【クレーム対応のイロハからお詫びメールまで押さえておきたいポイント34】
クレーム対応のイロハからお詫びメールまで押さえておきたいポイント34 【5】
クレームは決してなくなりません。これはあらゆる業界を通じて共通しています。日常的に発生するクレームの多くは、一定の手順を覚え、お客さまの心情を理解し、冷静に対応すれば、必要以上にあわてる必要のないものです。それどころかしっかりしたクレームの「作法」を身につければ、クレームを自分の味方にすることもできます。
◇9/17出版「クレーム対応の基本がしっかり身につく本」<改定版>
今回の改訂では、「お客さまとの円滑なコミュニケーションの方法」や、みなさまからのご質問の多い「激しく正当性を主張されるお客さまへのクレーム対応」「クレームeメール対応」を新たに追加しました。
前回の読者の方にも、初めて本書を手にされる方にも、新しい気づきを得ていただけることと思います。この出版を記念いたしまして、その本の一部をメルマガにてご紹介いたします。
■事実確認のミスがクレームを大きくする
市 民 「いつもの時間にゴミの収集が来ない。どういうことだ!」
応対者 「はい、申し訳ございません。至急担当に連絡いたします。場所はどちらでしょうか?」
市 民 「○○のところだ。早くしてくれ!」
応対者 「かしこまりました。大至急連絡して、すぐ向かわせます」
(担当部署に連絡すると、悪天候のため全域で収集が遅れていることがわかった。しかし、お電話いただいた方のご連絡先をうかがっていない。そして1時間後・・・)
市 民 「まだ来ていないぞ! 俺の言うことを無視しているのか!」
応対者 「申し訳ございません。悪天候で収集が遅れております」
市 民 「そうならそうだと早く言ってくれよ! 生ゴミだから回収車が来てから出そうと思ってずっと待ってたんだぞ!」
このケースでは、クレームの対応時にあわててしまい、詳しく話をお聞きしないうちに「解決策=とにかくすぐに収集に向かわせる」ことを提示してしまったことが一番の問題です。
■あわてて確認もれを起こさないよう気をつける
(1)何が問題になっているか
(2)お客さまのご要望は何か
を、あわてずに、冷静になって、「通常通り」に対応すれば、このクレームは大きくならずに済んだはずです。

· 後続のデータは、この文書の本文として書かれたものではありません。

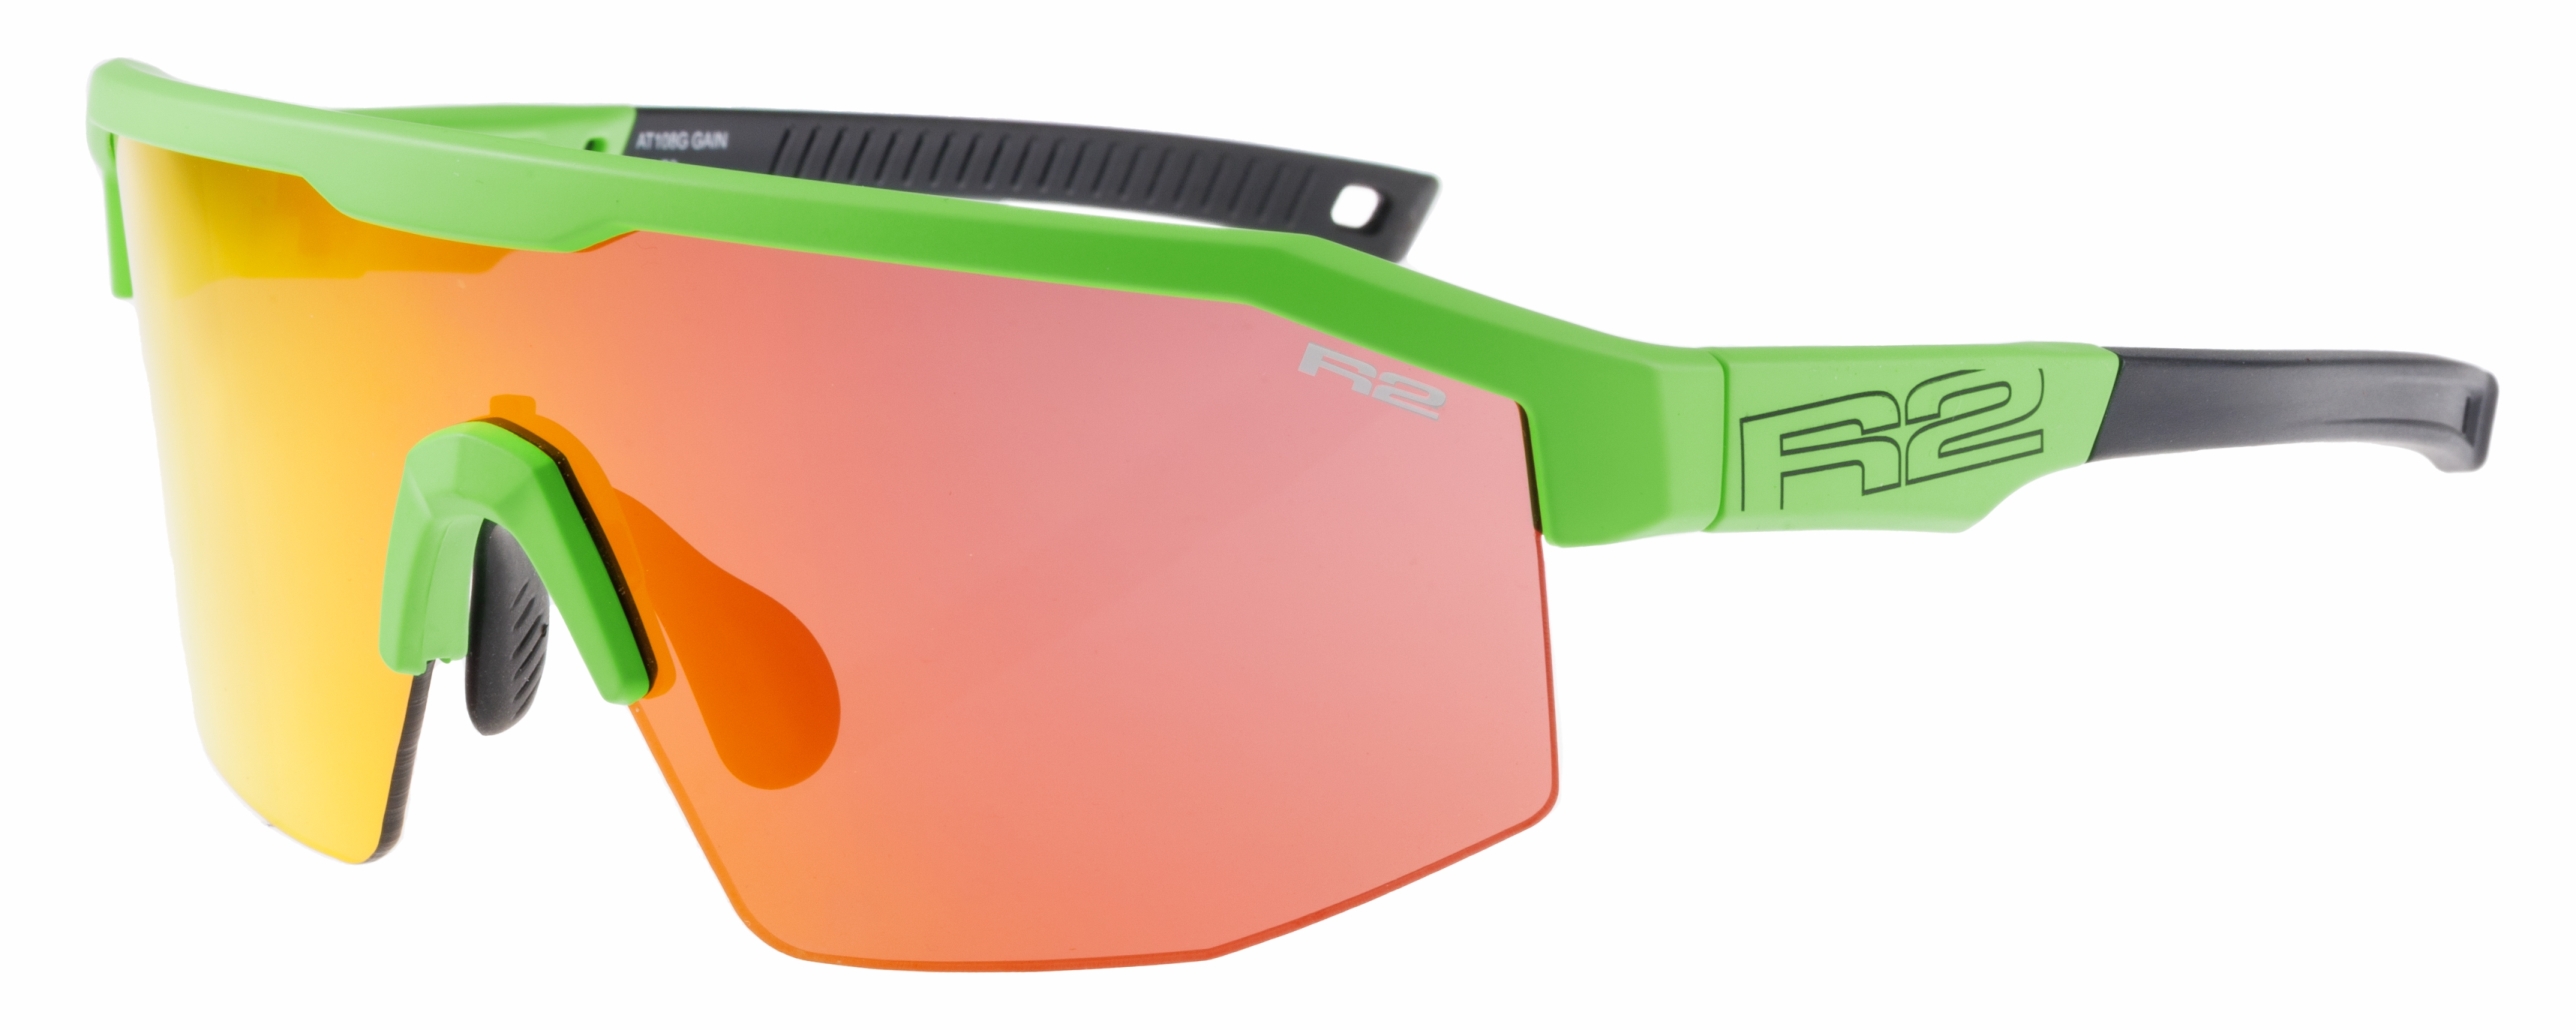 HD sport sunglasses R2 GAIN AT108G

このように、クレームを受けた一次応対者があわててしまい、何が起こっているのかさっぱりつかんでいないことがよくあります。当然、事実確認がきちんとできていないと、クレームは解決できません。
その際、「事実確認」という言葉は、取り調べの印象を持たれ、不快に感じる人がいるのでNGです。「事実確認をさせていただきたい・・・」と言うのではなく、「詳しくお話をお聞かせいただけませんか」とお伝えします。
■「おそれ入りますが」とひと言添える
事実確認では、「何が問題なのか」「お客さまは何を伝えたいのか」を、質問もはさみながら聞き出していくのがポイント。事実を事実として押さえていくと、お客さまが抱えている問題がわかり、適切な対応が取れるようになります。
ただし、聞くことが大切だとしても、事務的であったり、尋問調になっては、さらなるクレームにつながってしまいます。必ず、「おそれ入りますが」とひと言添えるようにしましょう。

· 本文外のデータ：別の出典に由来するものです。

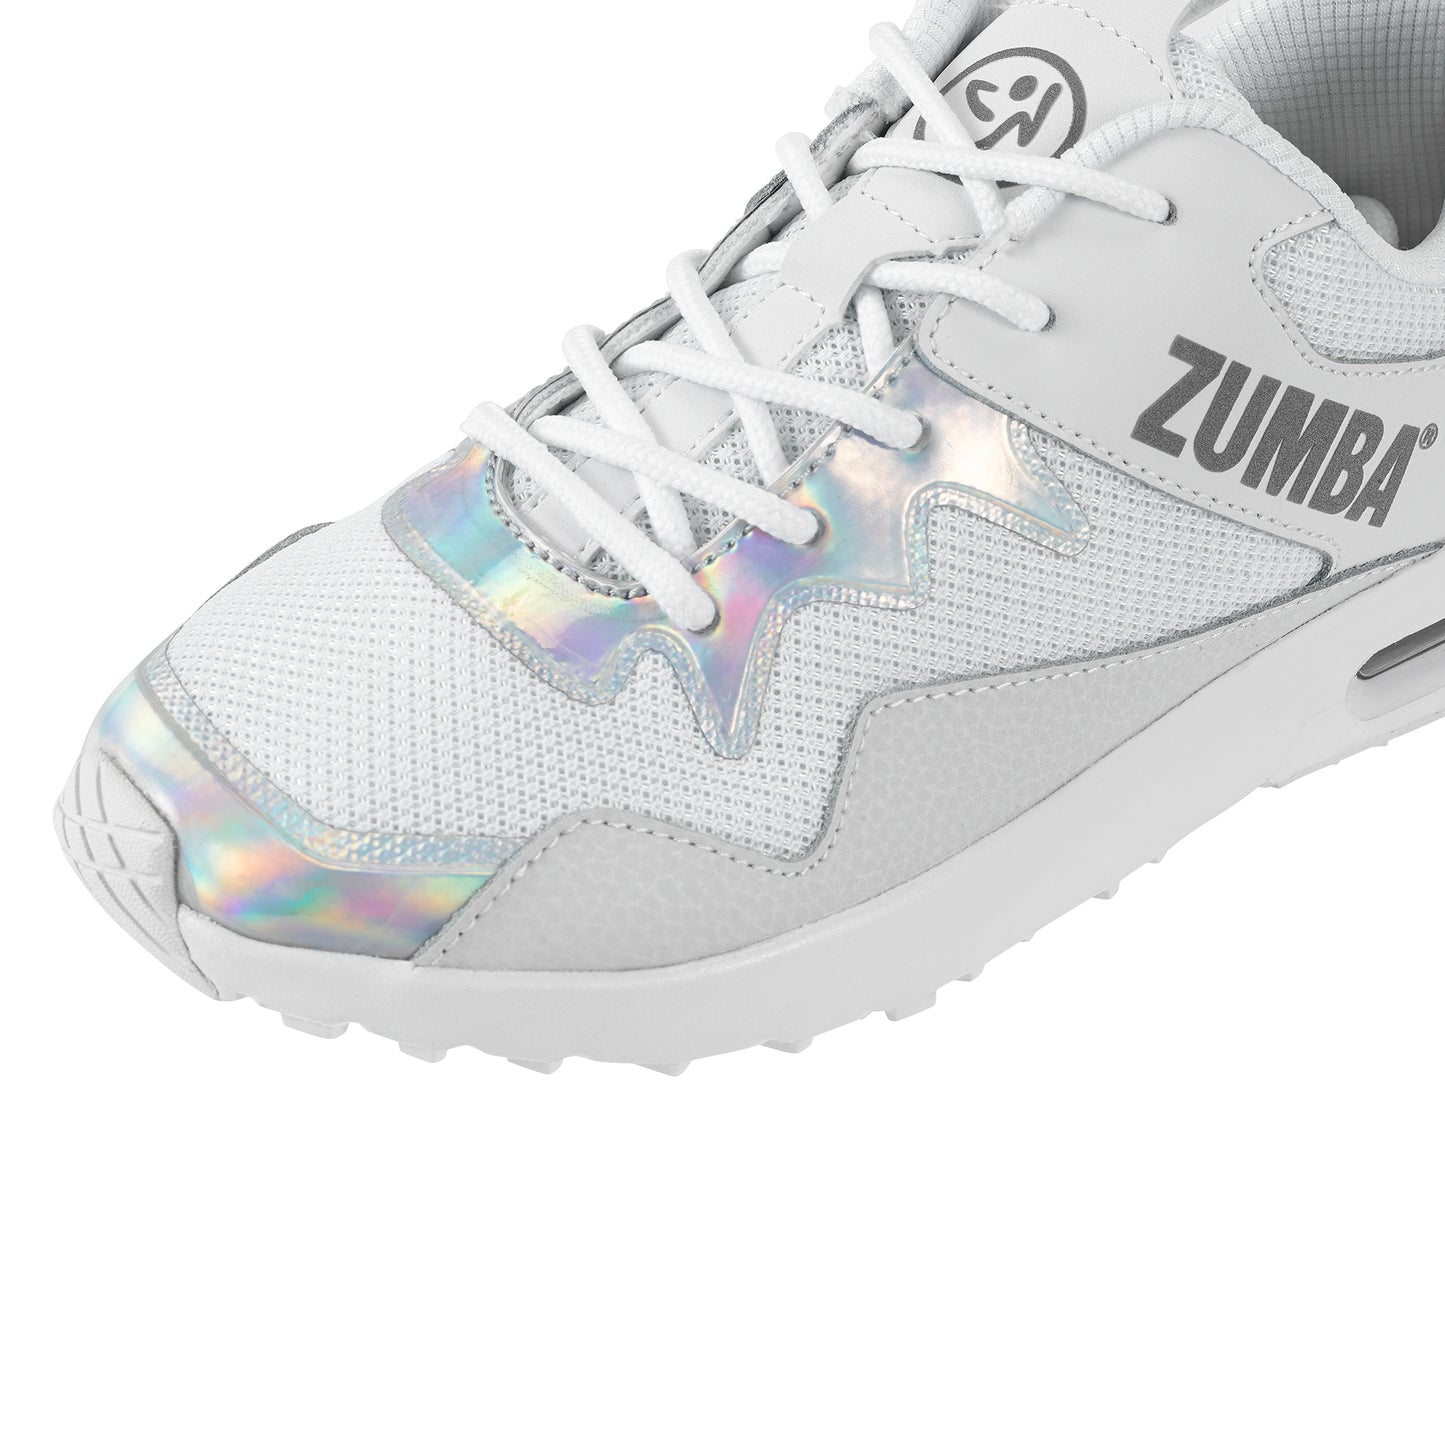 Zumba Air Classic - สีขาว

また、お客さまのおっしゃることをありのままにつかむのは、案外、難しいことです。「お聞きした内容を間違えることもある」という前提で聞くことも大切です。
お話を聞いたあと、「ここまでの確認ですがよろしいでしょうか」とお尋ねして要約や復唱をし、聞き取った内容に間違いがないかを確認しましょう。これは聞き手としての責任を伝えることにもつながります。
お客さまとの間で言葉の認識が違うと対応を誤ってしまうことがあります。お客さまはどんな意味でその言葉を使い、どんな心情でおっしゃっているのかを探りましょう。